But which capabilities are the most important? Given my interest in normative theories of social
justice and in constitutional law, I have taken the next step, asking which capabilities should be the focus of
our concern if our aim is to design a minimally just society. Any use of the idea of capabilities for the
purposes of normative law and public policy must ultimately take a stand on substance, saying that some
capabilities are important and others less important, some good, and some (even) bad. Adam Smith,
thinking of children deprived of education, said that their human powers were “mutilated and deformed.” If
we imagine, instead, a child whose capacity for cruelty and the humiliation of others is star ved and
thwarted by familial and social development, and inhibited by the criminal law, we would not describe such
a child as “mutilated and deformed,” nor would anybody suggest that all people had a constitutional
entitlement to the free exercise of cruelty.

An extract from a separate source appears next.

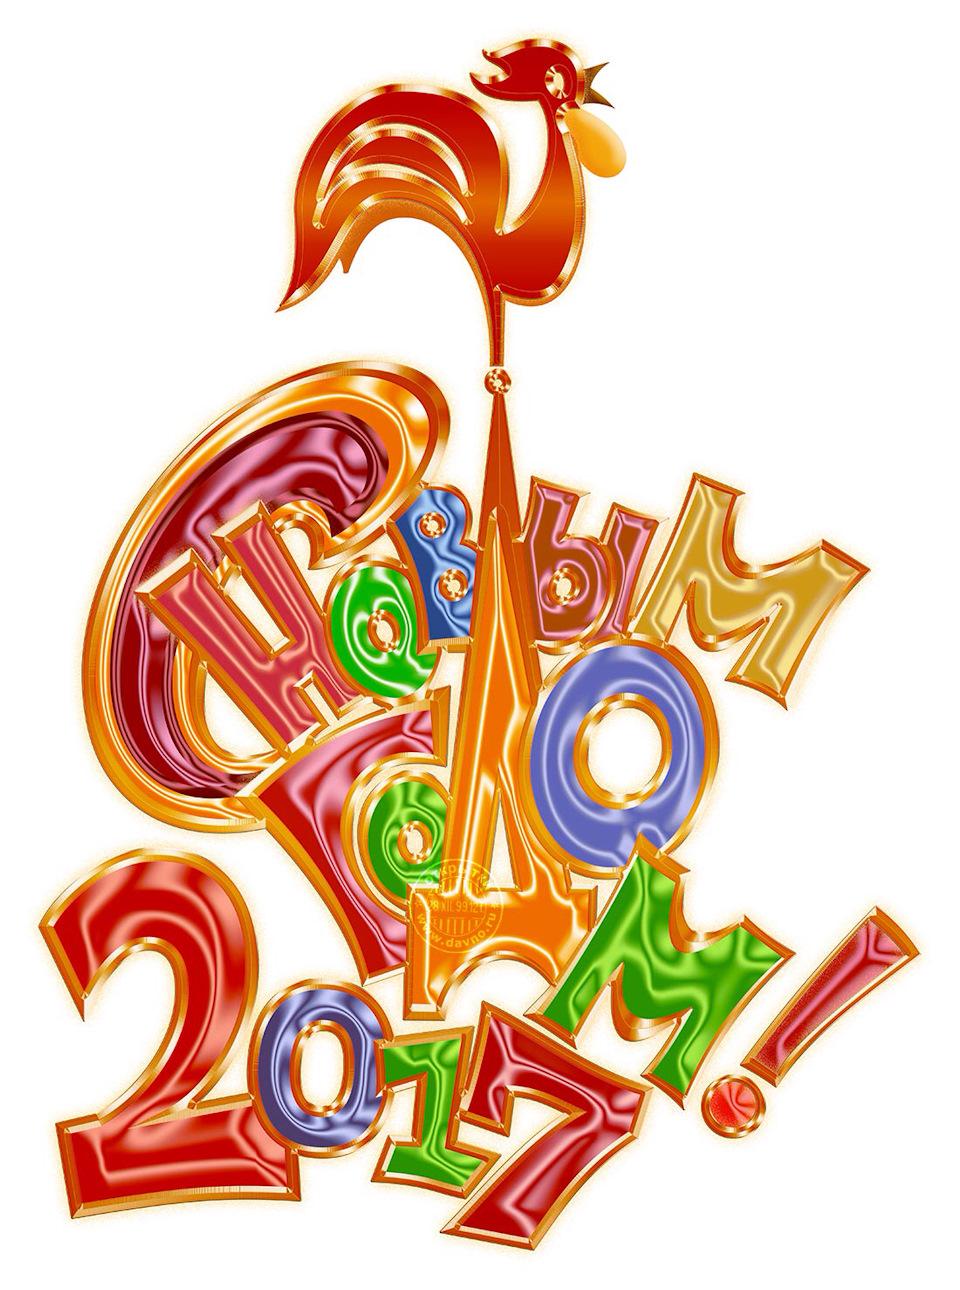 Картинка с надписью новый год 2017, солдаты

Again, suppose that we were told that a particular child was
never taught to be capable of whistling “Twinkle Twinkle Little Star” while standing on her head. We would
not say that this child’s human powers have been “mutilated and deformed,” because, even though the
capability in question is not bad, like the capability for cruelty, it is just not very important.
My well-known Capabilities List is a provisional attempt to supply this ethical content, saying that the
protection of ten central capabilities, up to a minimum threshold level, is necessary for any society that is
going to claim to be even minimally just. I connect this threshold to the idea of human dignity, saying that
only the protection of these ten capabilities gives people lives worthy of the (innate and inalienable) human
dignity that all possess. I shall not discuss the contents of the list here, but I simply note that it is humble


and revisable, and that ample room is left for each nation to specify its thin content in accordance with its
history and circumstances.² More recently, I have also extended this approach to address the entitlements
of nonhuman animals.
From this account of my theory of justice it is possible to get a sense of why philosophy matters in
the development debate. But justice is not the only philosophical issue development practitioners need to
consider. They need, as well, to develop sophisticated and philosophically informed accounts of other key
notions well treated by philosophers, such as: the nature of freedom; the meaning and significance of
ethnic and religious pluralism; the nature of human welfare and happiness; the concepts of desire,
preference, and emotion. There is also the over-arching meta-question about how one ought to attempt to
justify an ethical or political theory (for example whether by seeking some indubitable foundation, as Plato
thought, or by seeking the greatest fit and coherence among all the contending concerns, as John Rawls
thought). We will not make progress unless we continually wrestle with all of these large questions, and
economics, as I’ve said, has an unfortunate tendency to seek premature closure so that mathematical
sophistication can take its happy course.
However, it is not enough to say, “The world needs philosophy.” For philosophy takes many forms,
some of those not conducive to a useful global dialogue about the enhancement of human welfare. To the
task of supplying some norms for my own profession, I now turn.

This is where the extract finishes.